Please repeat the whole listing exactly, but leave the pictures out.

**Data shown:**
------------------------
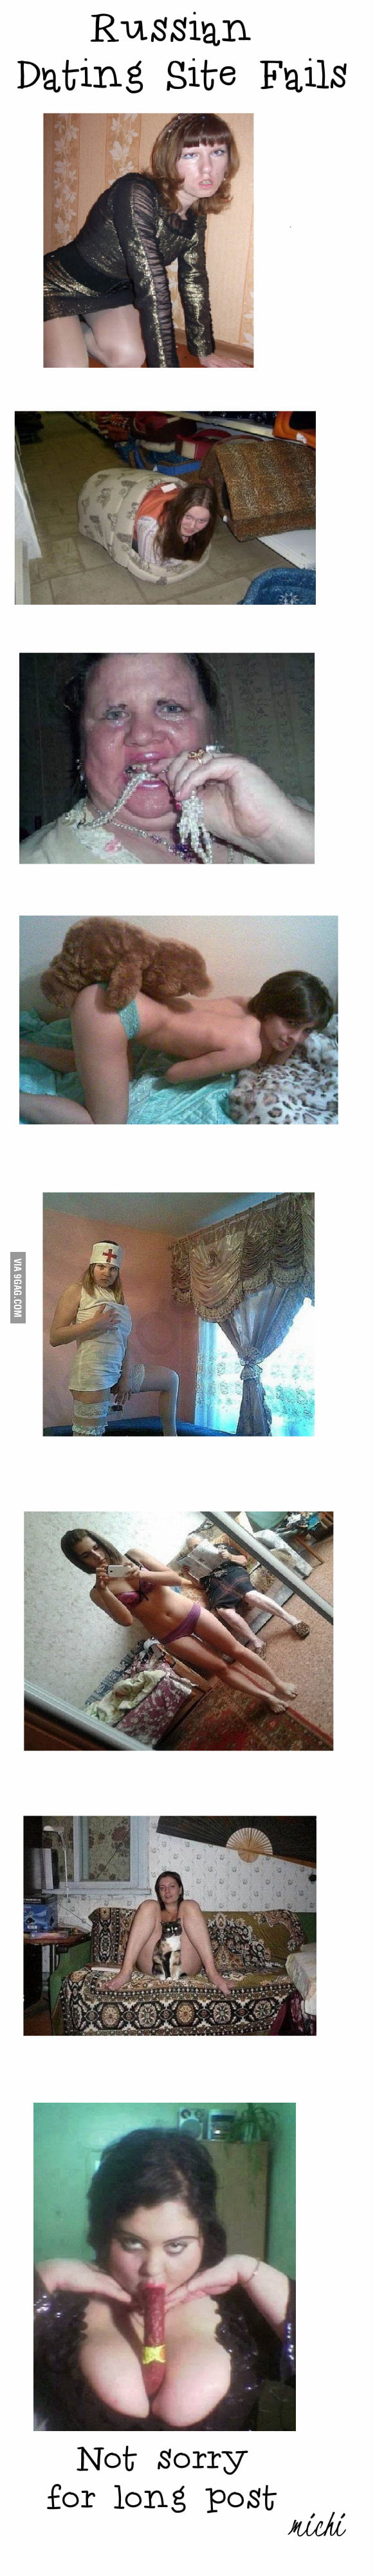 Russian dating pictures 9gag
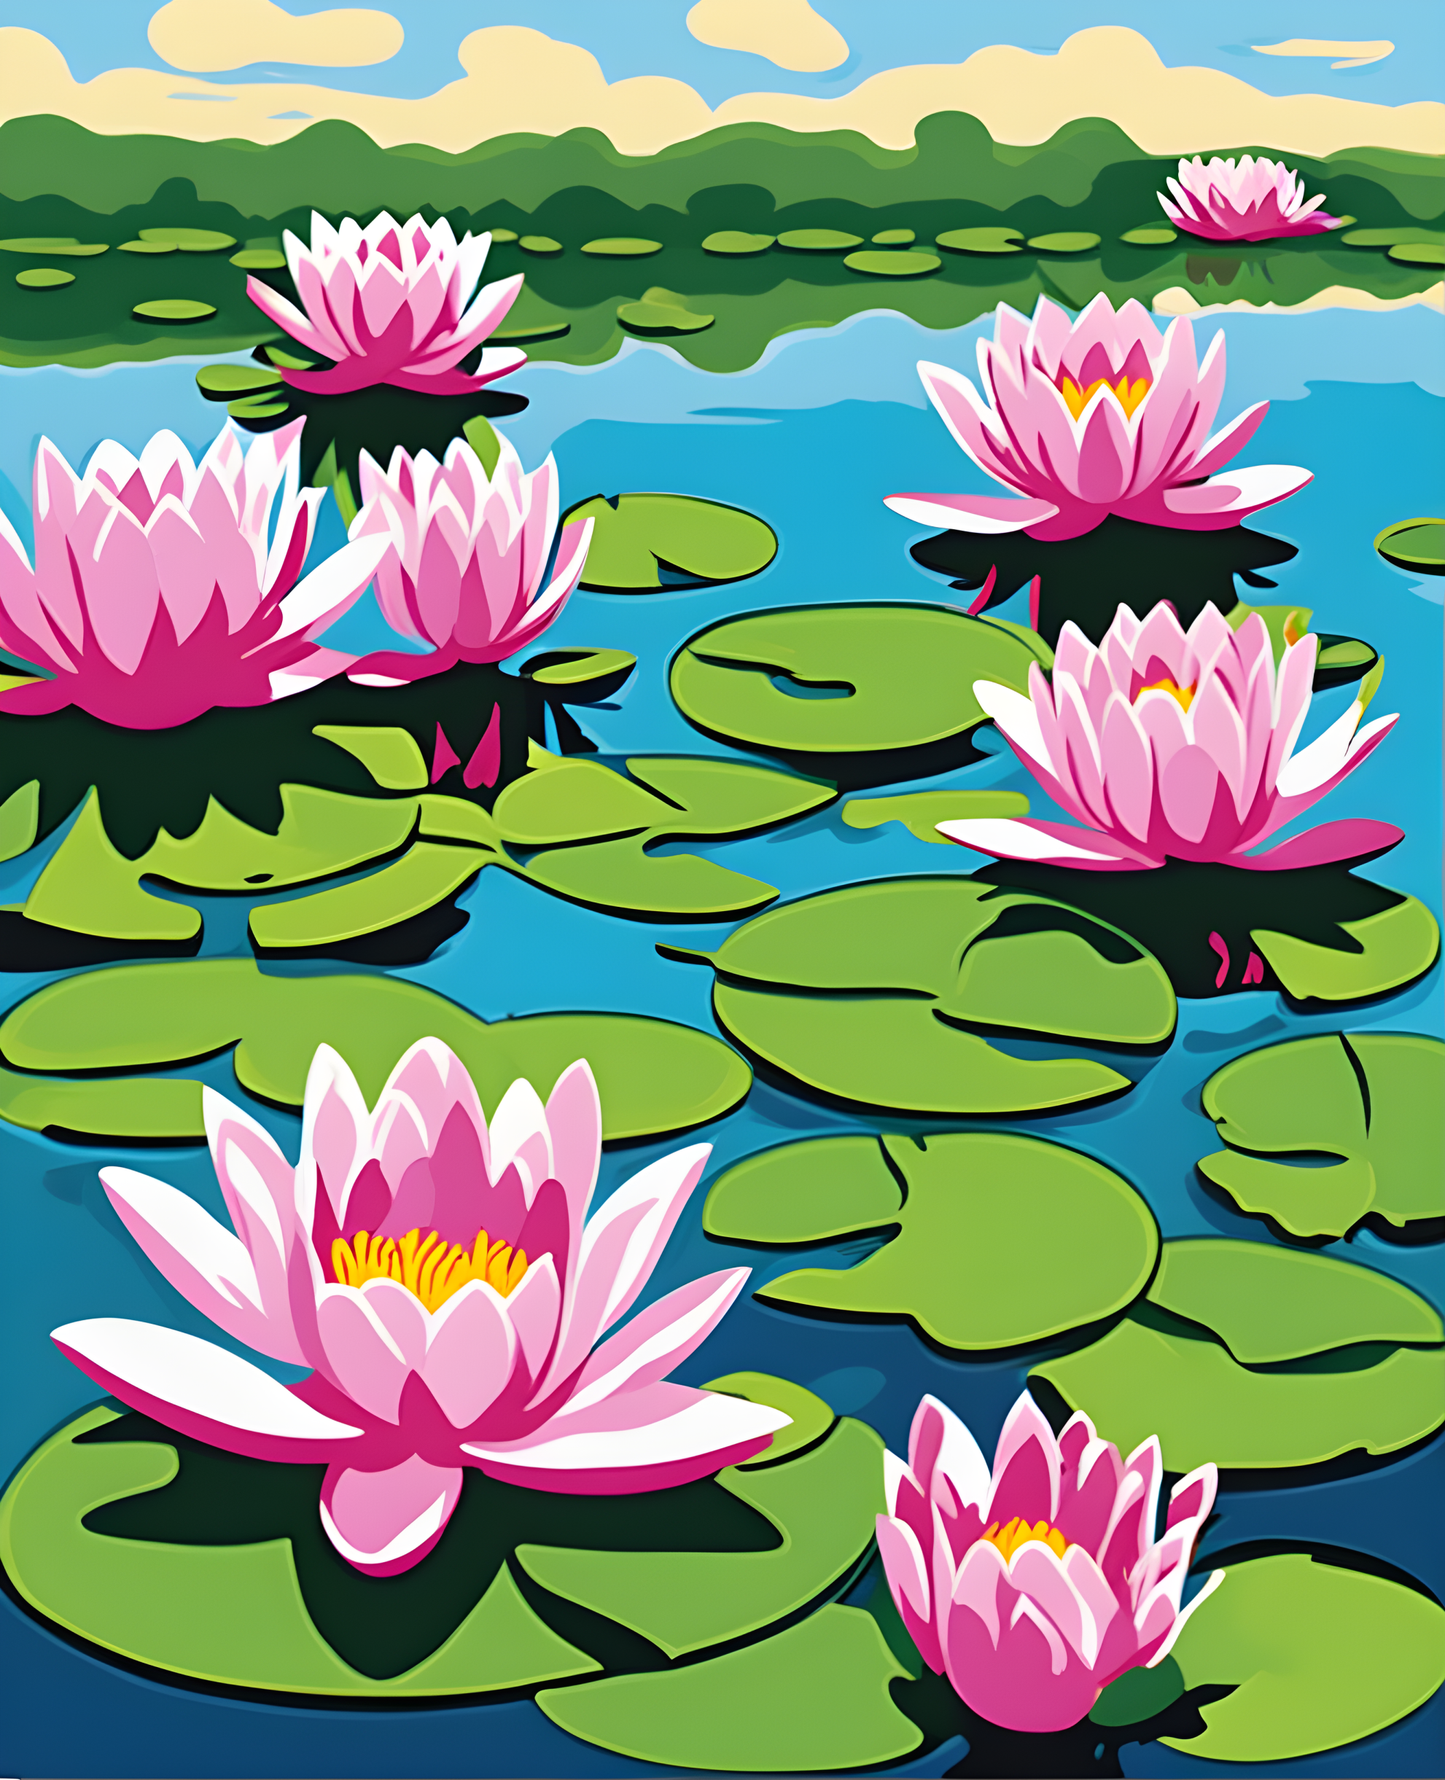 Flowers Collection OD (15) - Water Lily - Van-Go Paint-By-Number Kit
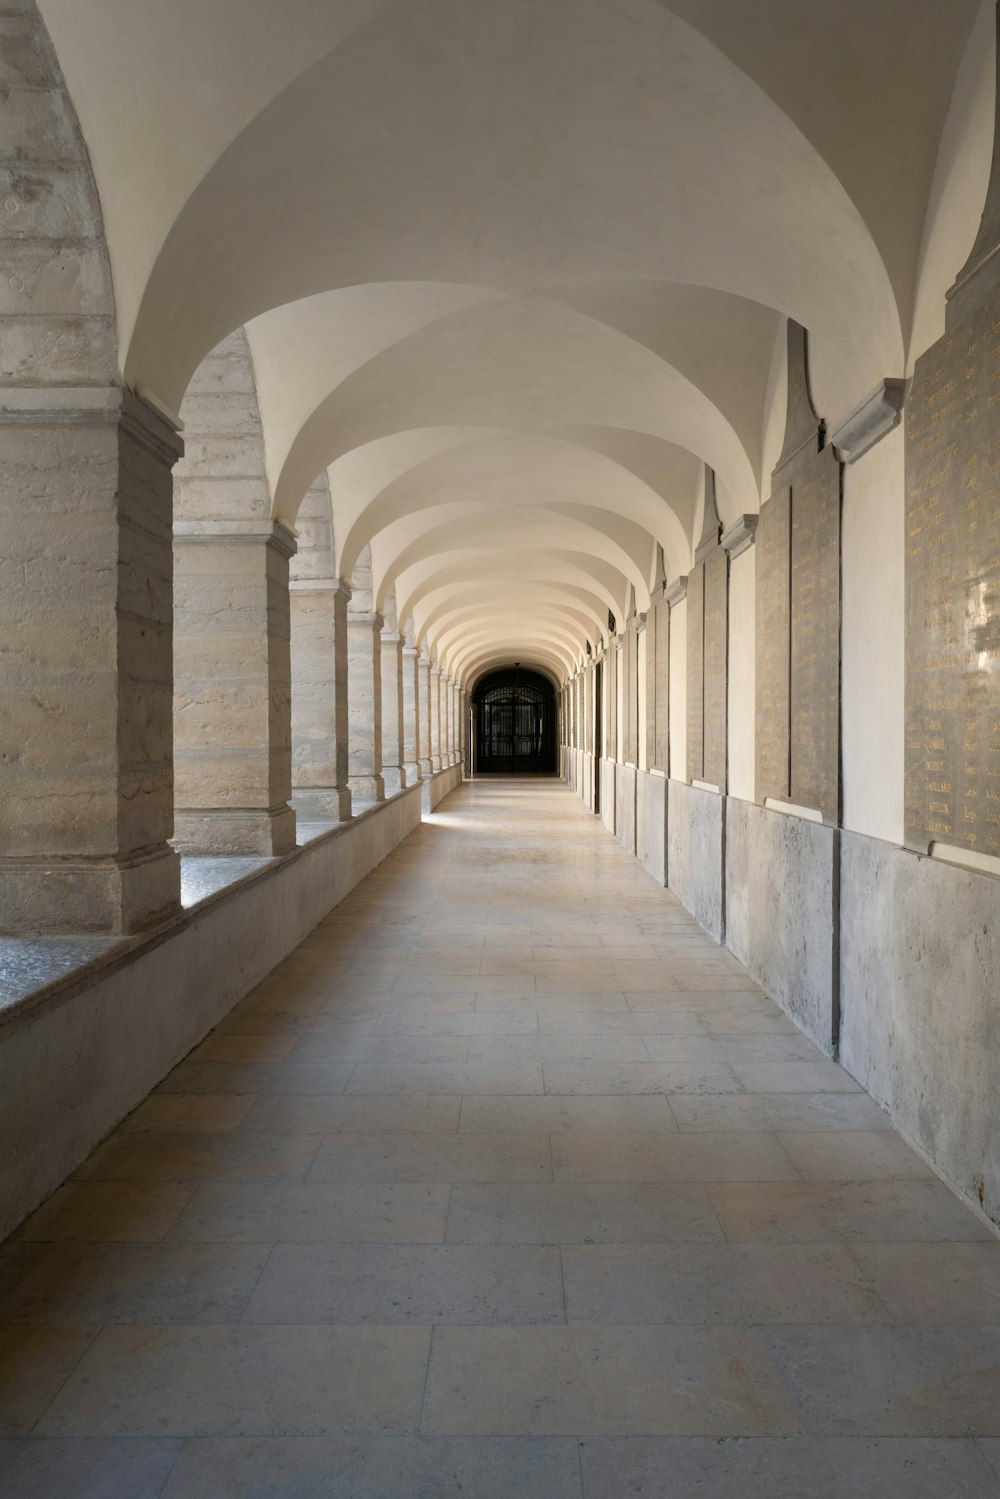 a long hallway with arches and a light at the end
------------------------
**Reply:**
 Russian dating pictures 9gag
 Flowers Collection OD (15) - Water Lily - Van-Go Paint-By-Number Kit
 a long hallway with arches and a light at the end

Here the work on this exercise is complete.